Exposure to MSUS serum does not alter metabolic functions of primary Sertoli cells

Differential regulation of ETC can affect the cytosolic ratio of NADH/NAD+ in cells, potentially leading to reductive stress. (Titov et al., 2016; Patgiri et al., 2020). Since the cytosolic redox state is reflected in the extracellular ratio of lactate/pyruvate, we examined both lactate and pyruvate level in conditioned medium from Sertoli cells treated with MSUS serum. We examined ROS activity by 2′,7′–dichlorofluorescin diacetate (DCFDA) staining, which is another measure for cellular stress. The level of lactate and pyruvate was not significantly altered (Supplementary Figure S3A,B). Likewise, the ratio of lactate to pyruvate (Supplementary Figure S3C) or ROS levels (Supplementary Figure S3D) were not altered. These results suggest that the downregulation of ETC complexes I, III, and IV after MSUS serum exposure was not sufficient to significantly affect the redox state of Sertoli cells.

Discussion

This study examines the effects of early life stress on somatic cells in the adult mouse testis and addresses the question of which factors may play a role in the induction of these effects. Using an established mouse model of stress, we show that Sertoli cells from adult males exposed to stress in early postnatal life have altered ETC pathways. The alterations affect several mitochondrial ETC complex components, which are predominantly downregulated in adult Sertoli cells. We link these alterations to circulating blood factors by showing that the downregulation of ETC complexes can be reproduced in primary Sertoli cells in culture when the cells are treated with serum from exposed adult males. These results suggest that Sertoli cells can be persistently altered by adverse conditions in early life and keep a biological trace of exposure for many months. This may be explained by the fact that these cells are post-mitotic in the adult testis and can no longer self-renew unlike spermatogenic cells. They therefore do not have the possibility to correct or erase molecular changes by cell division and renewal, and remain altered until adulthood, possibly throughout life. Other environmental factors such as endocrine disruptors have also been found to affect Sertoli cells in rats (Guerrero-Bosagna et al., 2013).

Since Sertoli cells are essential for germ cell maintenance and physiology, their persistent alterations during development through to adulthood may affect spermatogenesis and have detrimental consequences for germ cells and fertility. Psychological stress has been reported to reduce fertility in humans (Bräuner et al., 2020) and is known to lead to molecular changes in spermatogenic cells in testis (Tian et al., 2021) and adult sperm in rodents (Franklin et al., 2010; Gapp et al., 2014), with the potential to impair metabolism and behavior in the offspring (Gapp et al., 2014). However, the mechanisms by which Sertoli cells may alter germ cells are not known.

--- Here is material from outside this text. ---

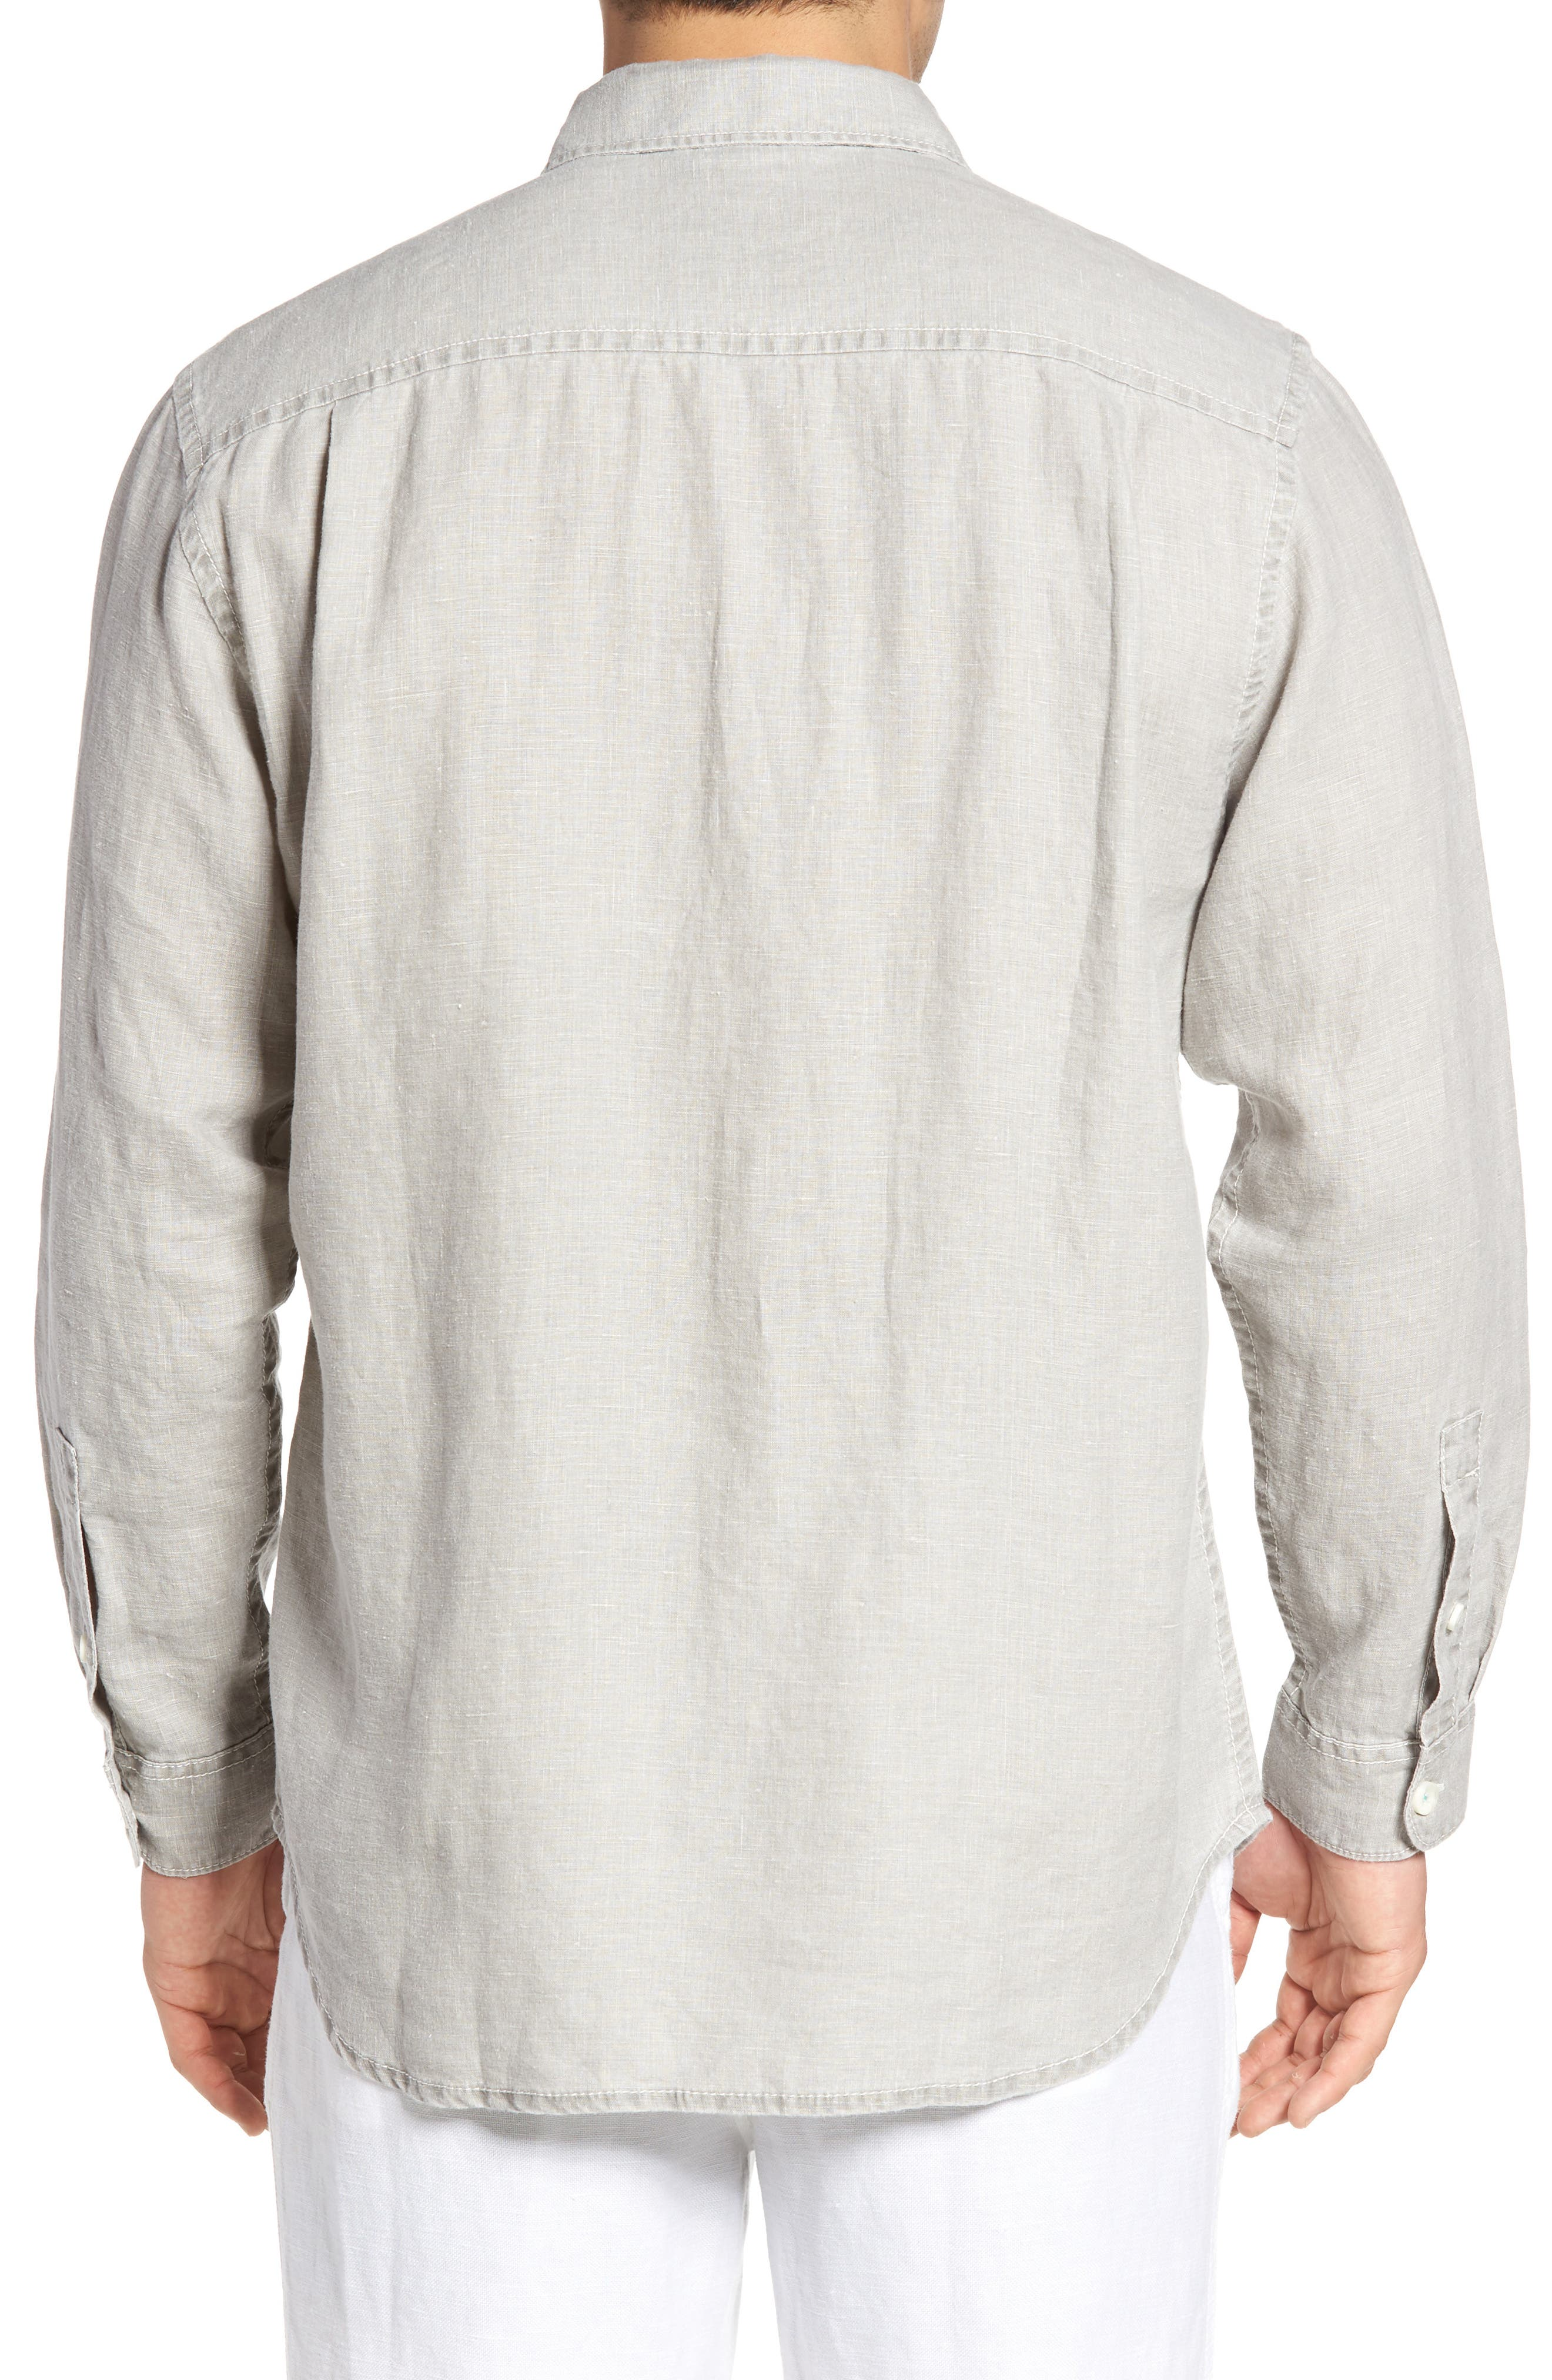 'Sea Glass Breezer' Original Fit Linen Shirt,                             Alternate thumbnail 2, color,                             050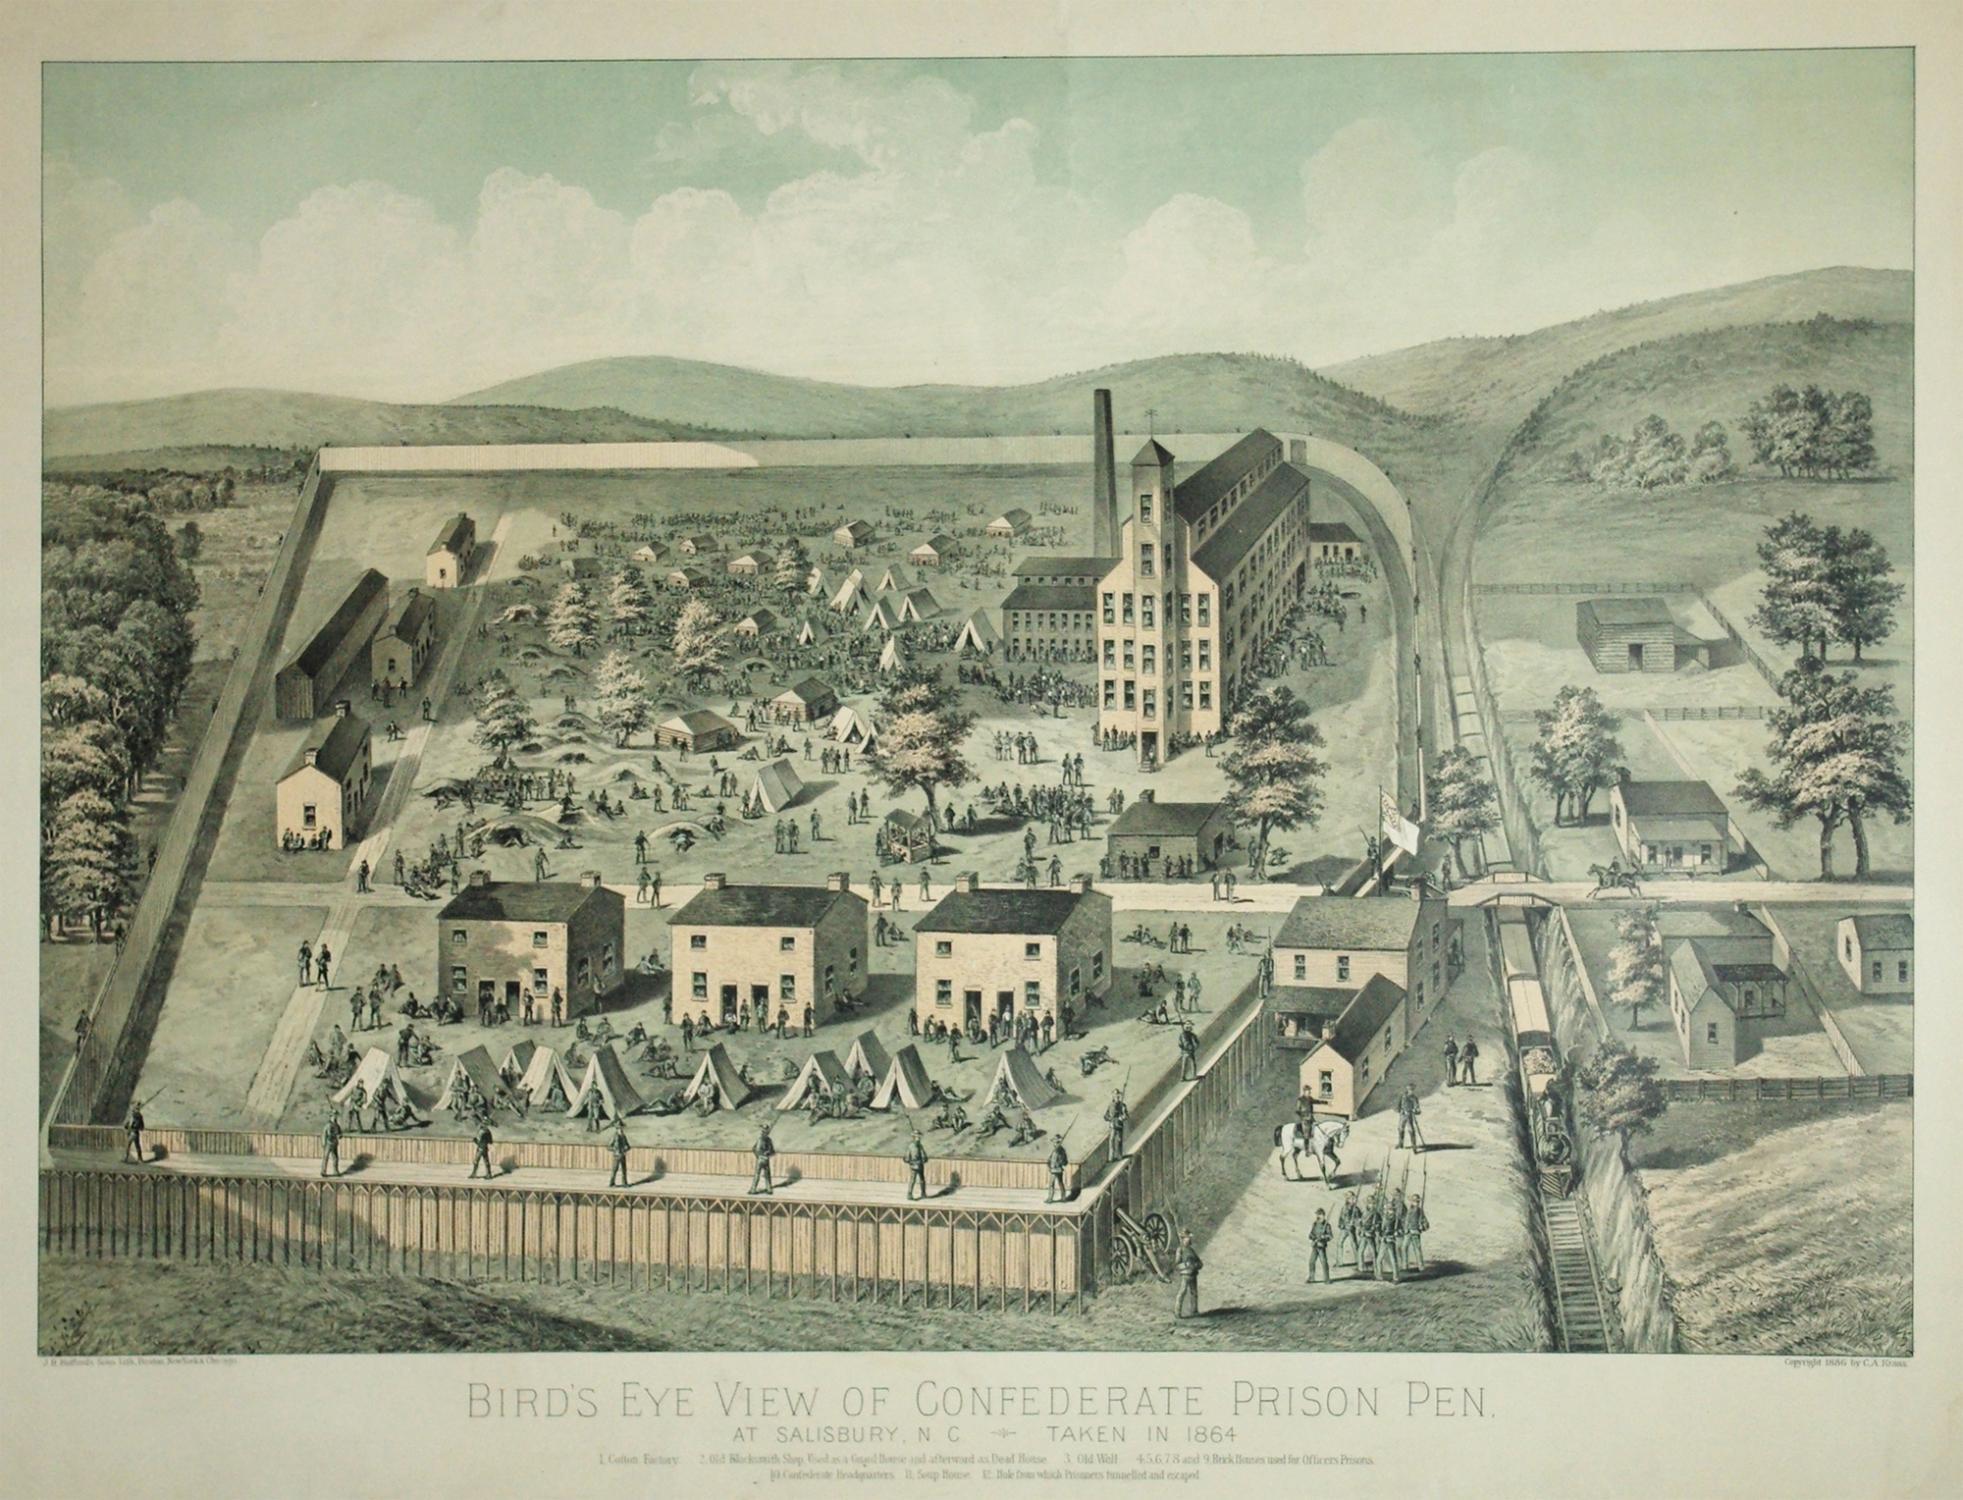 Bird's Eye View of Confederate Prison Pen.: John Henry Bufford

Our data that ETC components in Sertoli cells are affected, suggest a link between stress exposure at a young age and mitochondrial functions in the adult. Mitochondria are organelles known for their ability to adjust to changes in metabolic demand in cells (Bereiter-Hahn and Vöth 1994). They are sensitive targets of systemic cellular perturbations and potential sensors of environmental exposure. Indeed, ETC components in brain and muscle have already been shown to be altered by early postnatal stress in mice (Ruigrok et al., 2021). Our data extend these findings by showing that ETC complexes are also affected persistently in Sertoli cells by early postnatal stress, and provide candidate molecular targets to examine in relation to potential germ cells damage. The downregulated complexes I, III, and IV have in common to be able to transport protons across the inner mitochondrial membrane, and contribute to the generation of a proton gradient for ATP production (Marreiros et al., 2016). This could influence the metabolism of Sertoli cells, but also of neighboring germ cells via altered extracellular signaling pathways such as redox state and lactate production (Titov et al., 2016; Patgiri et al., 2020). However, in cultured Sertoli cells, reproducing alterations in ETC pathways with serum from stressed males did not affect reactive oxygen species (ROS), nor the level of lactate and pyruvate. It is possible that physiological changes are too subtle to be detected by classical methods such as fluorescent assays in vitro, or that they are compensated by alternative mechanisms to ensure proper Sertoli cells physiology. Using sensitive substrate sensors based on genetically-encoded fluorescence resonance energy transfer (FRET) may help detect metabolite flows in vitro or in vivo and identify changes (Mächler et al., 2016). Other systemic effects by cell-cell-communication within testis or signaling through innervation and via the lymphatic system may also occur.

Which blood factors are responsible for the downregulation of ETC complexes in Sertoli cells after early life stress are likely multiple but remain undetermined. Our previous work identified polyunsaturated fatty acid metabolism, steroidogenesis, bile acid metabolism as persistently altered by MSUS in plasma (Steenwyk et al., 2020), suggesting their possible implication. Particularly, pathways related to peroxisome proliferator-activated receptors (PPARs) were functionally altered and could be activated by serum treatment in spermatogonial-like germ cells (GC-1 cells). PPARs can interact with PPAR gamma co-activators (PGCs), which regulate energy homeostasis and mitochondrial transcription factors (Lin, Handschin, and Spiegelman 2005). Thus, we can speculate that they may together be a link between metabolic alterations in blood and signaling to the nucleus and mitochondria in Sertoli cells.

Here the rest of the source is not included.